### DATA PROVIDED
▬▬▬▬▬▬

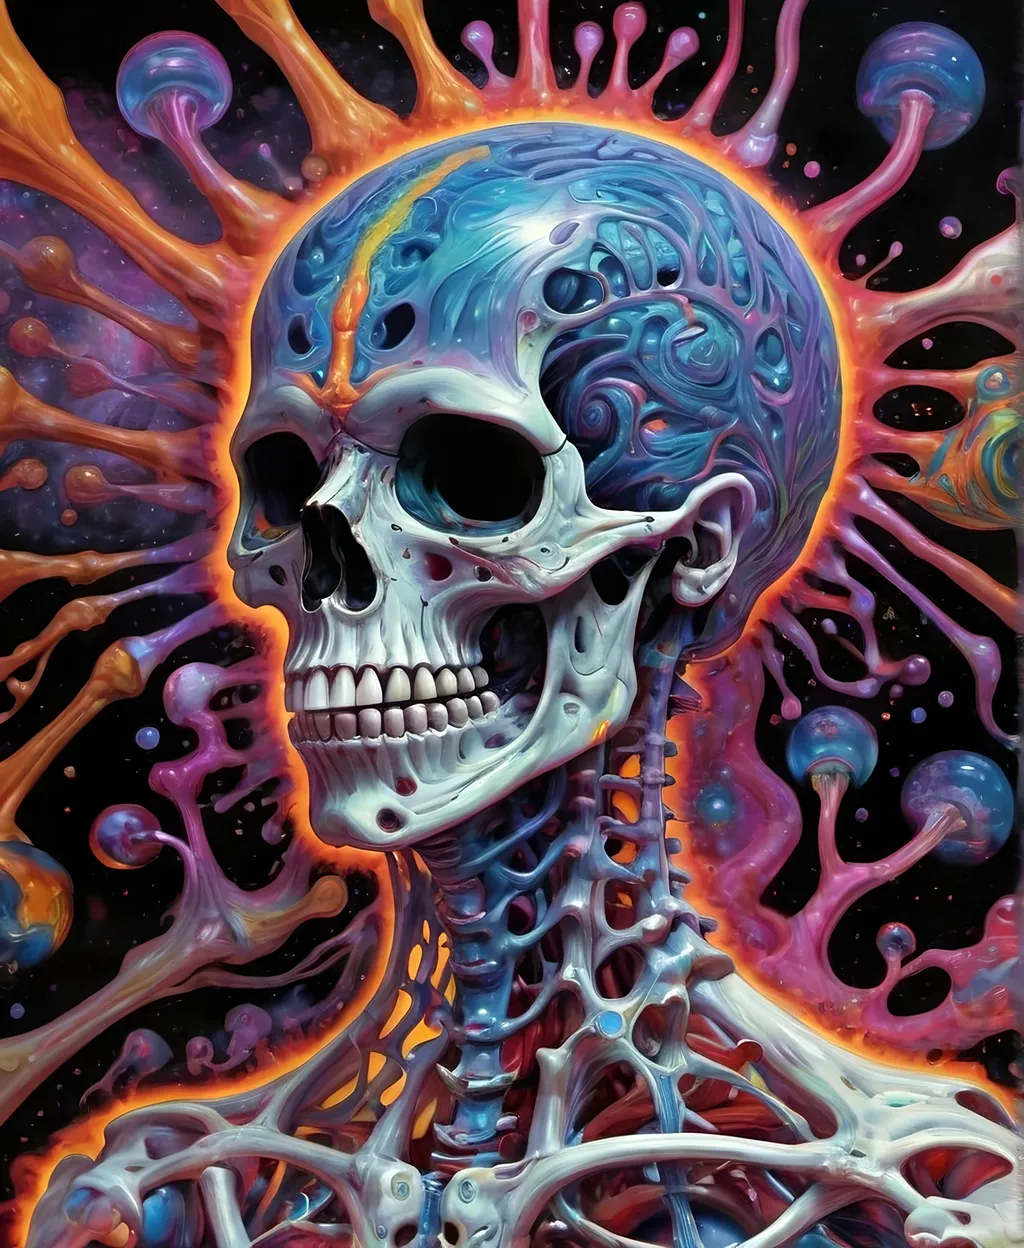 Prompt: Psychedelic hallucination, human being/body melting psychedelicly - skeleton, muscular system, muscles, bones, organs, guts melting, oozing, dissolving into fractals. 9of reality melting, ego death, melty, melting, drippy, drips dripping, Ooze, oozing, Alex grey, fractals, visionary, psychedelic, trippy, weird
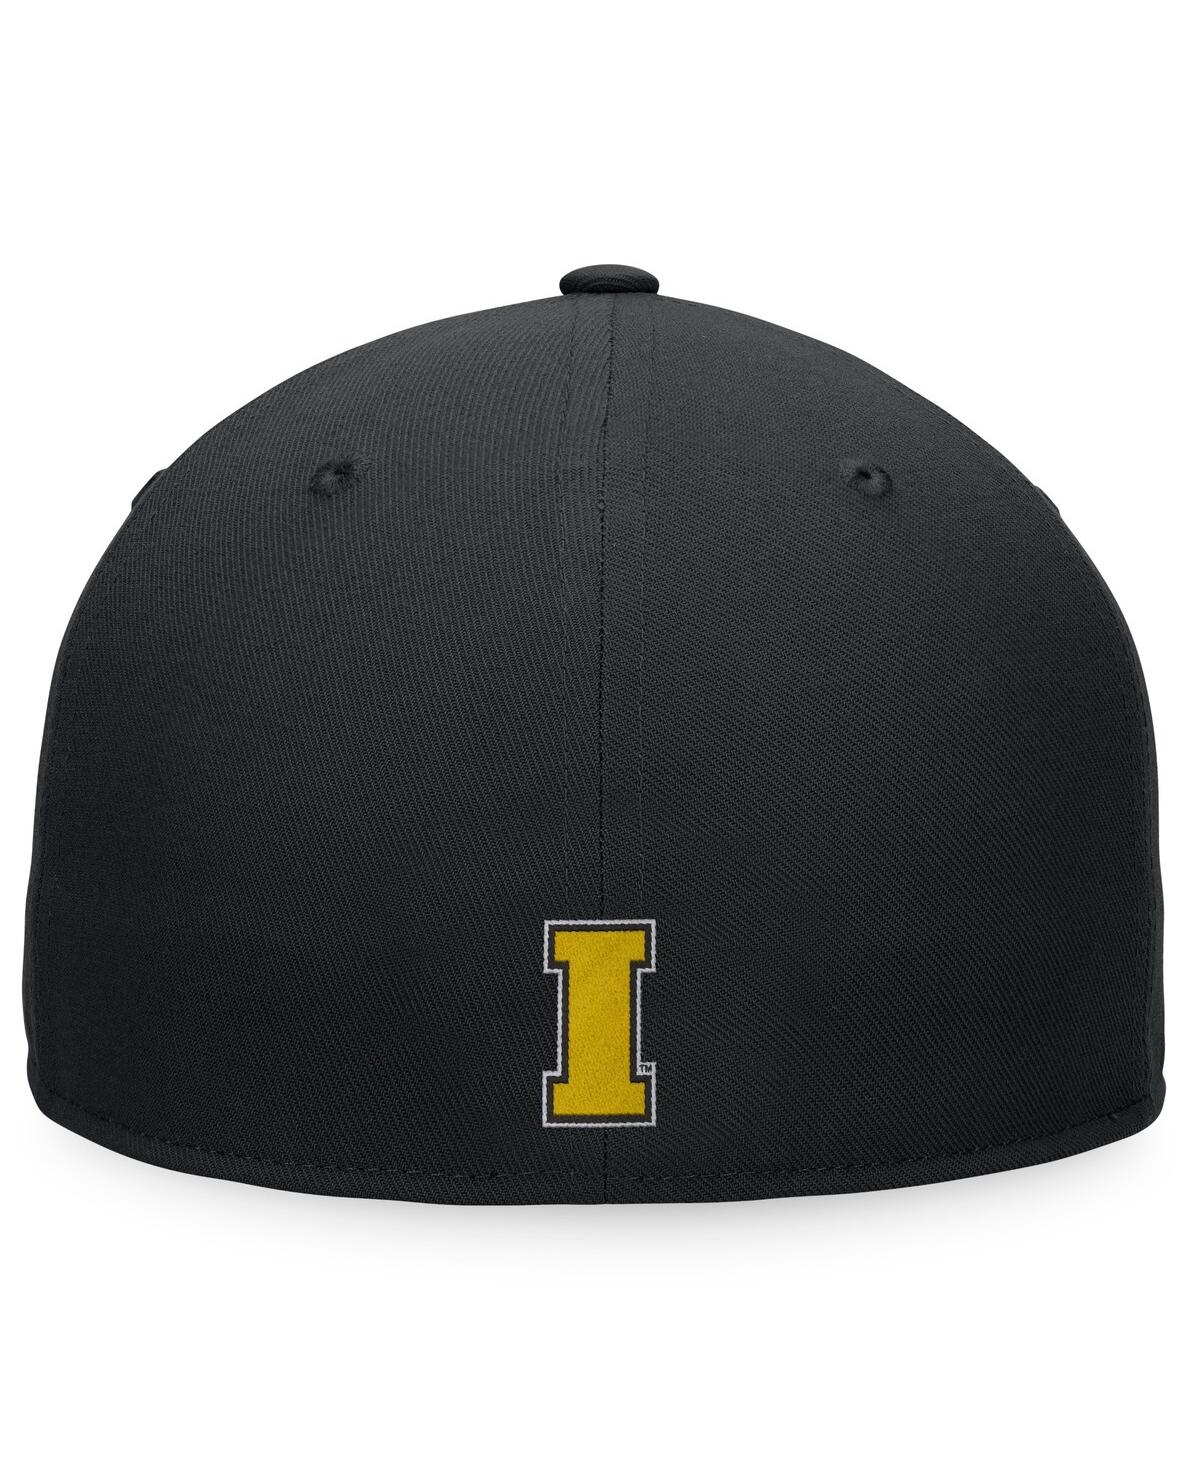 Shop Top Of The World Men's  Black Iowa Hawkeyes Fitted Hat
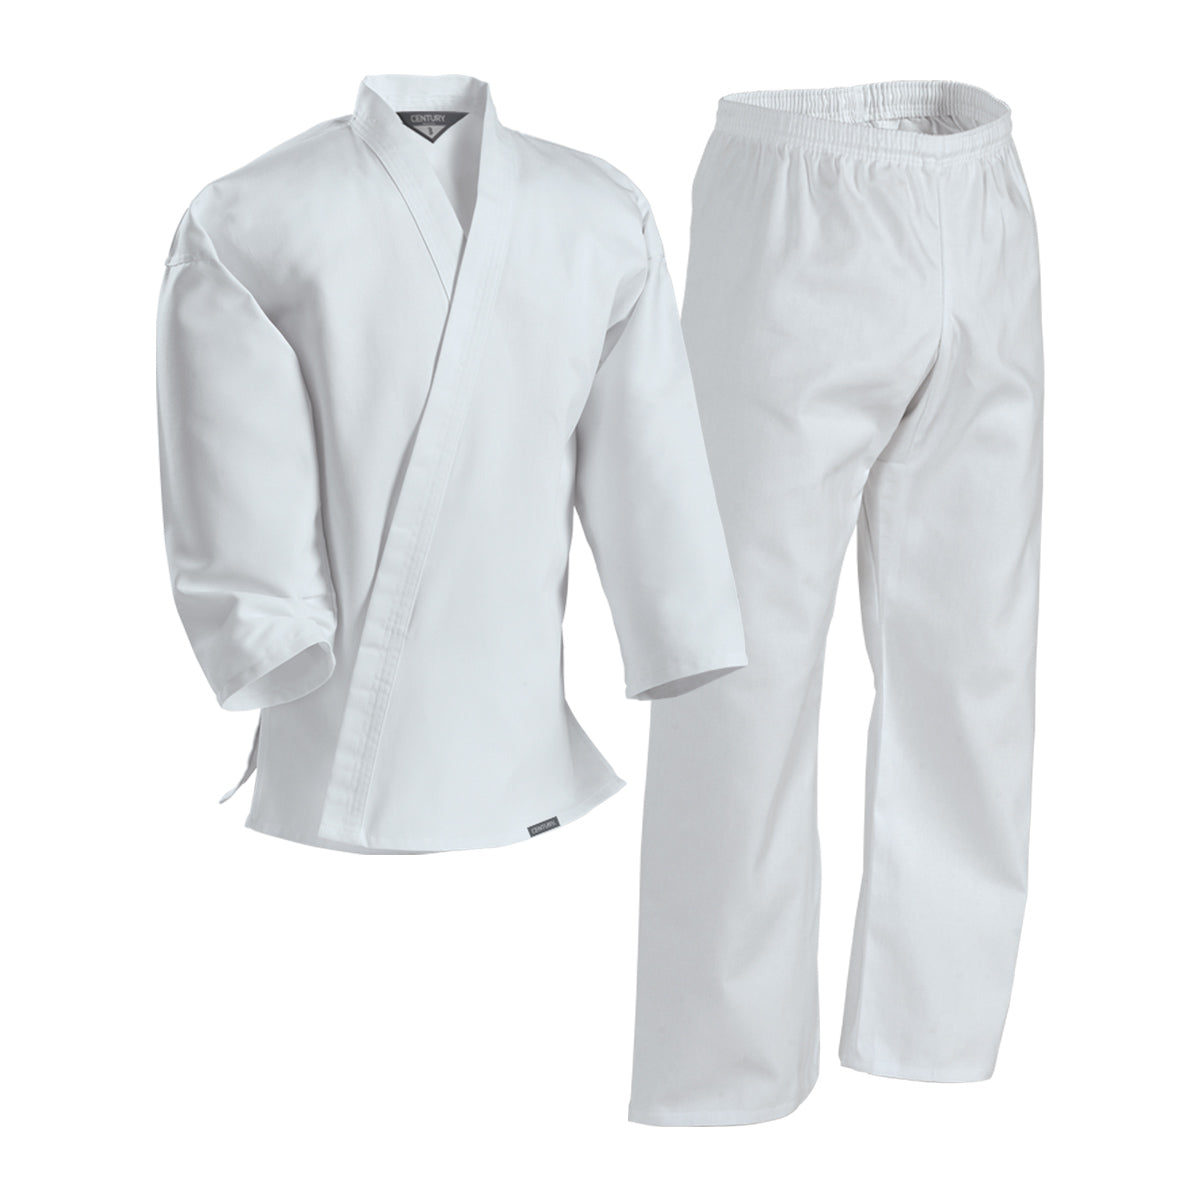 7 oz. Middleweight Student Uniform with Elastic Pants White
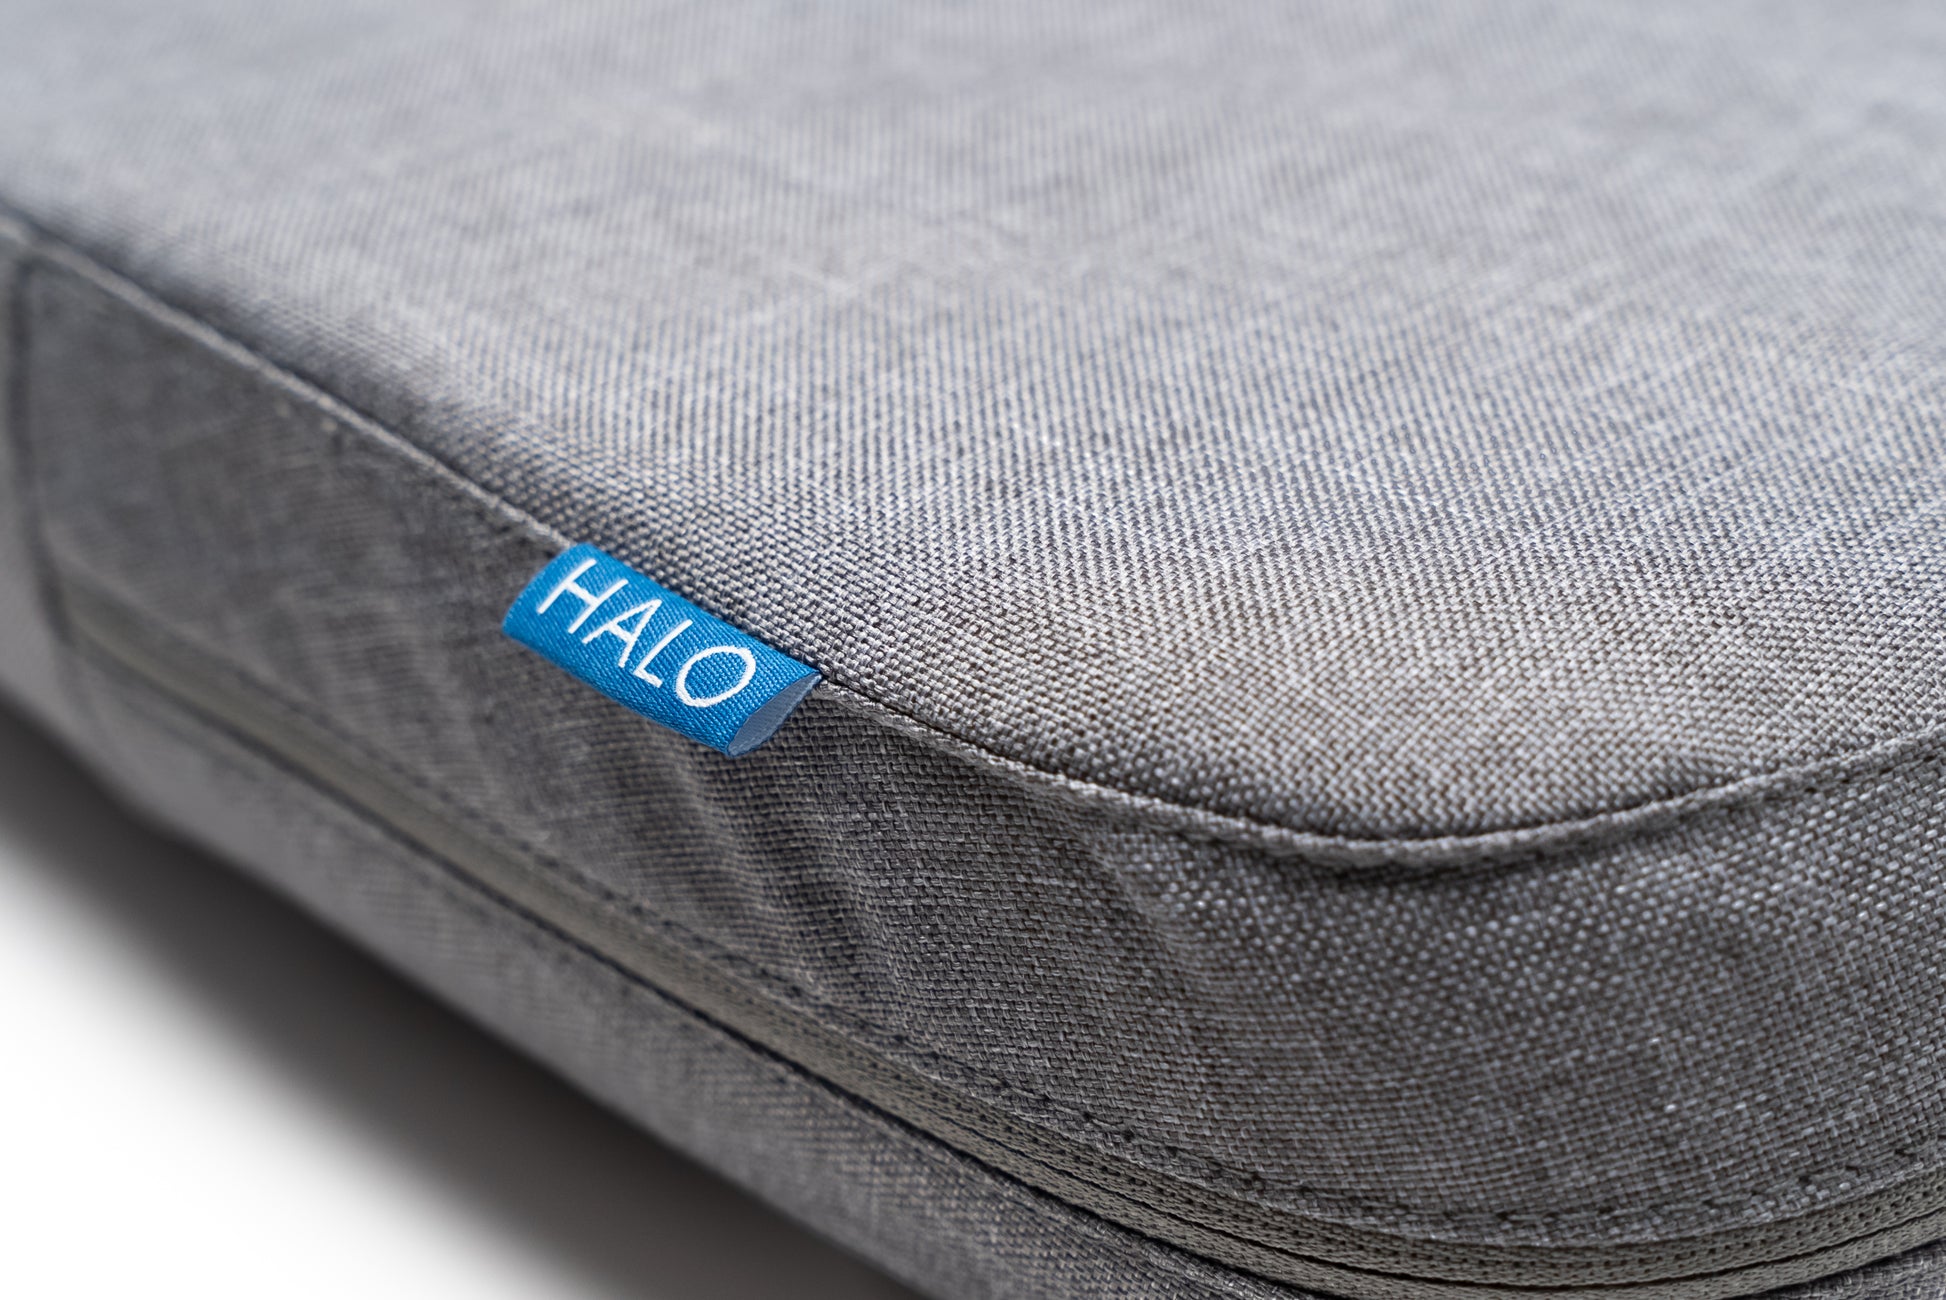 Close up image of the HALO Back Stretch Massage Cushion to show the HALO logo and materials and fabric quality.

▬▬▬▬▬▬

### TASK PROMPT
Return the data exactly as it stands, minus the pictures.

### OUTPUT
 Prompt: Psychedelic hallucination, human being/body melting psychedelicly - skeleton, muscular system, muscles, bones, organs, guts melting, oozing, dissolving into fractals. 9of reality melting, ego death, melty, melting, drippy, drips dripping, Ooze, oozing, Alex grey, fractals, visionary, psychedelic, trippy, weird
 Shop Top Of The World Men's  Black Iowa Hawkeyes Fitted Hat
 7 oz. Middleweight Student Uniform with Elastic Pants White
 Close up image of the HALO Back Stretch Massage Cushion to show the HALO logo and materials and fabric quality.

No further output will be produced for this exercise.